Another solution: There are C(16,5) ways to select a committee of 5 members if there are no restrictions;  there are C(9,5)  [or C(10,5), in "Pink"] ways to select a committee of 5 men only; there are C(7,5)  [or C(6,5), in "Pink"] ways to select a committee of 5 women only.  Therefore, the number of ways to select a required committee is  C(16,5) - C(9,5) - C(7,5)    [or C(16,5) - C(10,5) - C(6,5), in "Pink"]. 

(3) in White or (4) in Pink:  

(b) ( x - y )^5 = C(5,0) x^5 + C(5,1) x^4 (-y) + C(5,2) x^3 y^2 + C(5,3) x^2 (-y)^3 + C(5,4) x y^4 + C(5,5) (-y)^5 = x^5 - 5 x^4 y + 10 x^3 y^2 - 10 x^2 y^3 + 5 x y^4 - y^5.

(c)  The coefficient of the term x^9 in (2-x)^19 is -2^10 C(19,9) =  -94595072.

(4)  in White and (3) in Pink: 

(a) R_1 is not reflexive since (3,3) is not in R_1; but it is symmetric.  It is not antisymmetric since (1,2) and (2,1) are in R_1 but 1 =/= 2.  The relation is transitive.

(b)  Since every integer a is divisible by itself, then the relation is reflexive.  Note that 1 is divisible by 2 but 2 is not divisible by 1, hence the relation is not symmetric.  Since 2 | (-2) and (-2) | 2 but 2 =/= -2, the relation is not antisymmetric.  It is obvious that the relation is transitive.

            (1)  (FAC) = 15 x 16^2 + 10 x 16 + 12 = 4012

            (2) The inverse of 7 modulo 26 is 15  since 15 x 7 - 4 x 26 = 1.  Multiplying both sides of the linear congruence 7x = = 4 (mod 26) by 15, we get 15 x 7x = = 15 x 4 (mod 26) or x = = 8 (mod 26).  Therefore, the solution set is S = { 8 + 26n | all n are in Z}.

            (3)  ( See some similar examples in the book)

            (4)  (The solution was given in the class)

            (5)  We use a counterexample to disprove the given statement.  Indeed, when n = 2 then ( n^2 - 1 ) = 2^2 - 1= 3, which is prime.  Thus, the statement " (n^2 - 1 ) is composite for all n >= 2 " is false. 

* Pink version:

            (1) (CAF) = 12 x 16^2 + 10 x 16 + 15 = 3247

            (2)  (The first part is the same as in the white version).  .......... the solution set is S = { 19 + 26n | all n are in Z}.
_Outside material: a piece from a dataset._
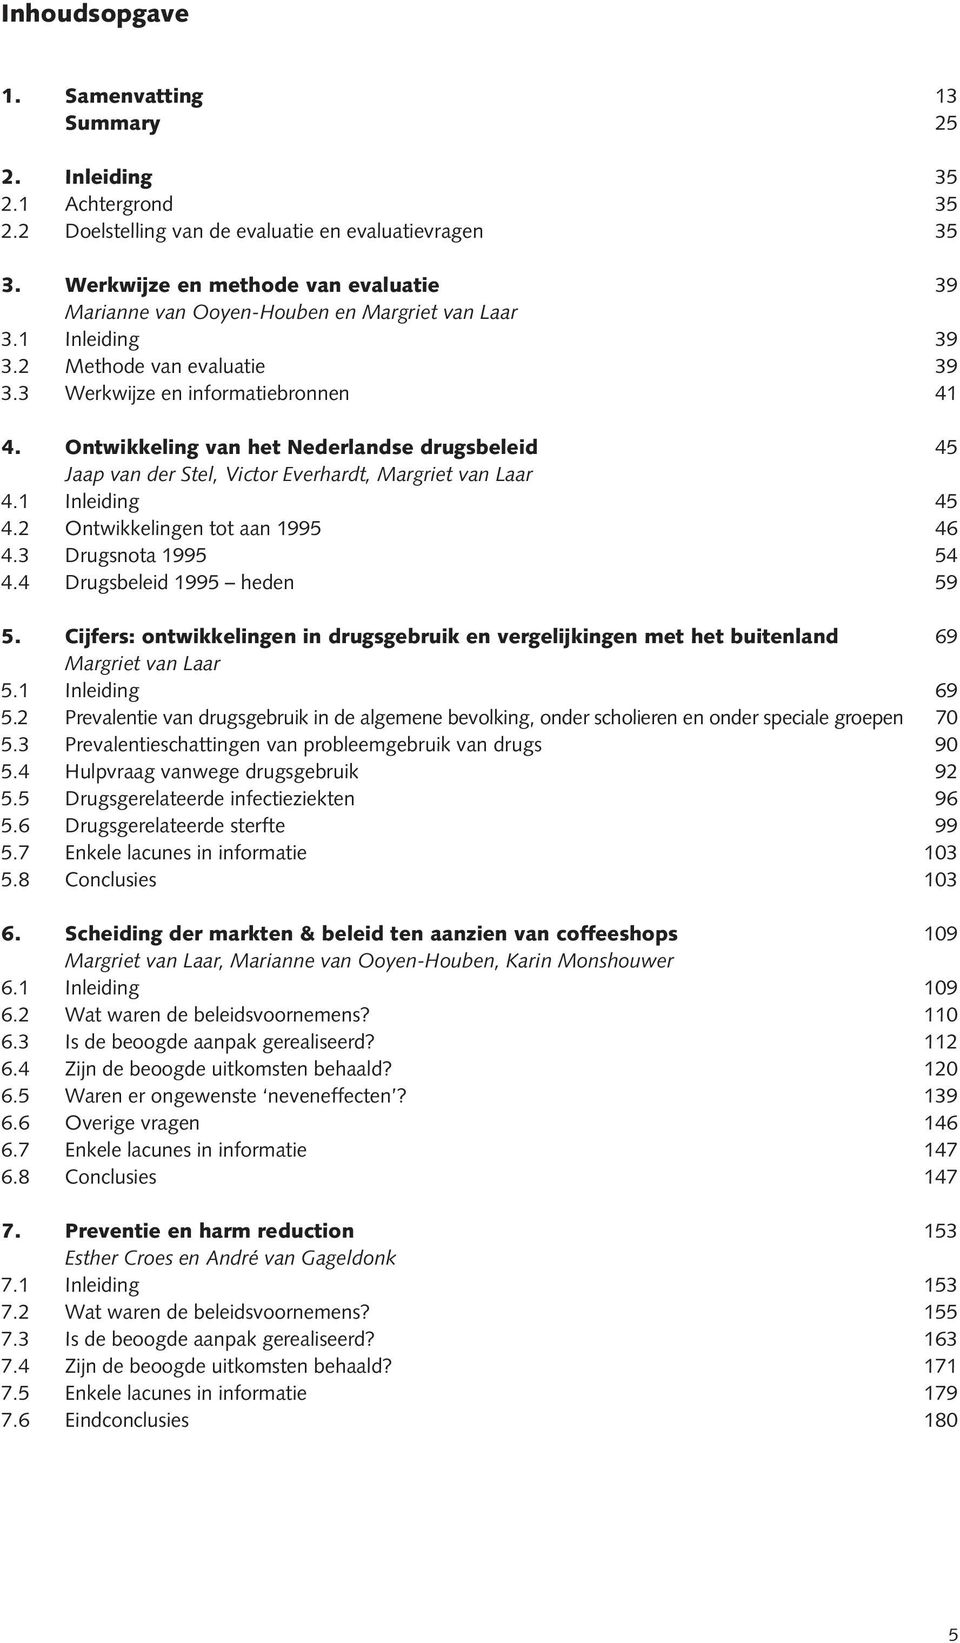 Ontwikkeling van het Nederlandse drugsbeleid 45 Jaap van der Stel, Victor Everhardt, Margriet van Laar 4.1 Inleiding 45 4.2 Ontwikkelingen tot aan 1995 46 4.3 Drugsnota 1995 54 4.

            (4) Note that the question can be rewrite as " If  n >= 3, then ( n^2 - 1 ) is composite".  Let  p :=  " n >= 3 " and q := " ( n^2 - 1) is composite", then we show that  the implication  p ----> q is true.  There are some ways to approach the answer.  You can use one of the following:

            - Direct proof:  Suppose that n >= 3 ( this is p ),  then in the factorization  ( n^2 - 1) = (n +1 ) ( n - 1) we have  (n - 1) >= 2 and  (n +1 ) >= 2.  Therefore,  ( n^2 - 1) is composite ( this is q ).

            - Indirect proof:  We must show  that " not q ----> not p " is true , equivalently, show that " if  (n^2 -1) is prime, then n < 3".   Since  ( n^2 -1 ) = (n +1) ( n -1 ) is prime by the hypothesis, then (n - 1) = 1, hence n = 2, that is n < 3.  

            - Proof by contradiction:    Suppose that  n >=3  ( this is p ) and  ( n^2 - 1 ) is prime ( this is   not q ) we shall find a contradiction.  Since  ( n^2 - 1 ) = ( n + 1 ) ( n - 1 ) is prime by the hypothesis, then ( n - 1 ) = 1, thus n = 2, which contradicts the hypothesis that  n >= 3.  Therefore,  " (n^2 - 1) is composite for all n >= 3" is true.

            - Another proof by contradiction:  Suppose that  n >= 3 and ( n^2 - 1 ) is prime. Since n >= 3 , then ( n -1 ) and ( n + 1 ) are greater than 2, and thus ( n^2 - 1 ) = ( n + 1 ) ( n - 1 ) is composite.  This contradicts the assumption that ( n^2 - 1 ) is prime.  Therefore, ( n^2 - 1 ) is composite for all n >= 3.